US FY2025 Budget contains international tax proposals, mainly stemming from prior budgets

  • The international tax proposals outlined in the Biden Administration's FY 2025 Budget largely echo those included in the FY 2024 budget.
  • Although the likelihood of these proposals being enacted is low, taxpayers should familiarize themselves with them as they may resurface as revenue offsets in future legislation.
 

In its FY 2025 explanation of the Biden Administration's revenue proposals issued on March 11, 2024 (Green Book), the United States (US) Treasury explains several international tax proposals in the administration's FY 2025 budget (Budget). Most proposals presented in this year's Budget appeared in the FY 2024 budget. The international tax proposals would:

  • Raise the corporate income tax rate to 28% and limit the IRC Section 250 deduction to 25%, thereby raising the effective rate on global intangible low-taxed income (GILTI) to 21%
  • Modify the GILTI regime to align with the global minimum tax rules under Pillar Two of the Base Erosion and Profit Shifting initiative of the Organisation for Economic Co-operation and Development (OECD)
  • Replace the Base Erosion Anti-abuse Tax (BEAT) with an "undertaxed profits rule" (UTPR) that is consistent with the UTPR in the Pillar Two rules
  • Repeal the deduction for foreign-derived intangible income (FDII)
  • Create a new general business credit equal to 10% of eligible expenses incurred when onshoring a trade or business to the United States
  • Disallow deductions for expenses incurred when moving a US trade or business offshore
  • Create a second type of US shareholder to include in income amounts determined with respect to non-taxed dividends distributed by a controlled foreign corporation (CFC)
  • Eliminate the "one-month deferral election" for CFCs, mandating the use of the same tax year for the CFC and its majority US shareholder
  • Limit foreign tax credits (FTCs) on sales of hybrid entities
  • Restrict deductions of excess interest expenses of members of a financial reporting group
  • Revise the scope of the portfolio interest exclusion for 10% shareholders
  • Modify the treatment of certain derivative transactions for foreign investors
  • Permit taxpayers to retroactively elect, in certain circumstances, to treat a passive foreign investment company (PFIC) as a qualified electing fund (QEF) without IRS consent
  • Require IRC Section 6038 reporting for each foreign "taxable unit"

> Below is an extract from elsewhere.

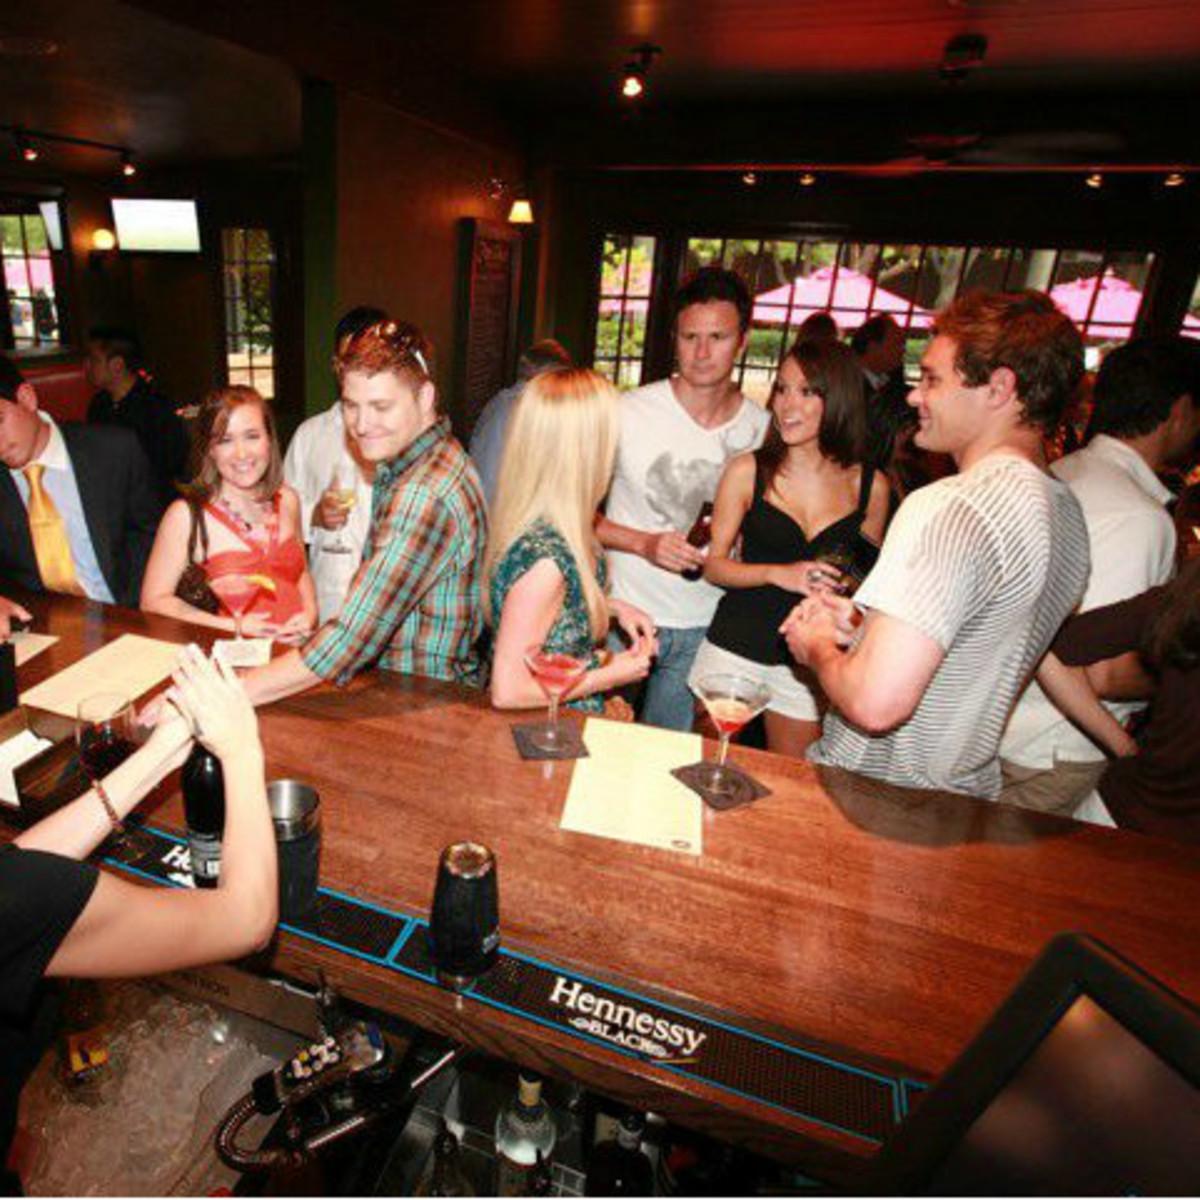 The Common Table in Dallas

The proposals have various effective dates. Even though the likelihood of these proposals being enacted this year is low, taxpayers should familiarize themselves with these proposals in case they appear as revenue offsets in future legislation.

Increasing corporate and GILTI rates

The Budget would raise the corporate tax rate to 28% from 21%, thereby increasing the effective GILTI rate. Other changes to the IRC Section 250 deduction for GILTI (as described later) would increase the effective GILTI rate to 21%.

The proposal would apply to tax years beginning after December 31, 2023. For tax years beginning before January 1, 2024, and ending after December 31, 2023, the corporate tax rate would equal 21% plus 7% times the portion of the tax year occurring in 2024 (for a tax year ending June 30, 2024, for instance, the tax rate would be approximately 24.5%, i.e., 21% + [7% * (182 days / 366 days)]).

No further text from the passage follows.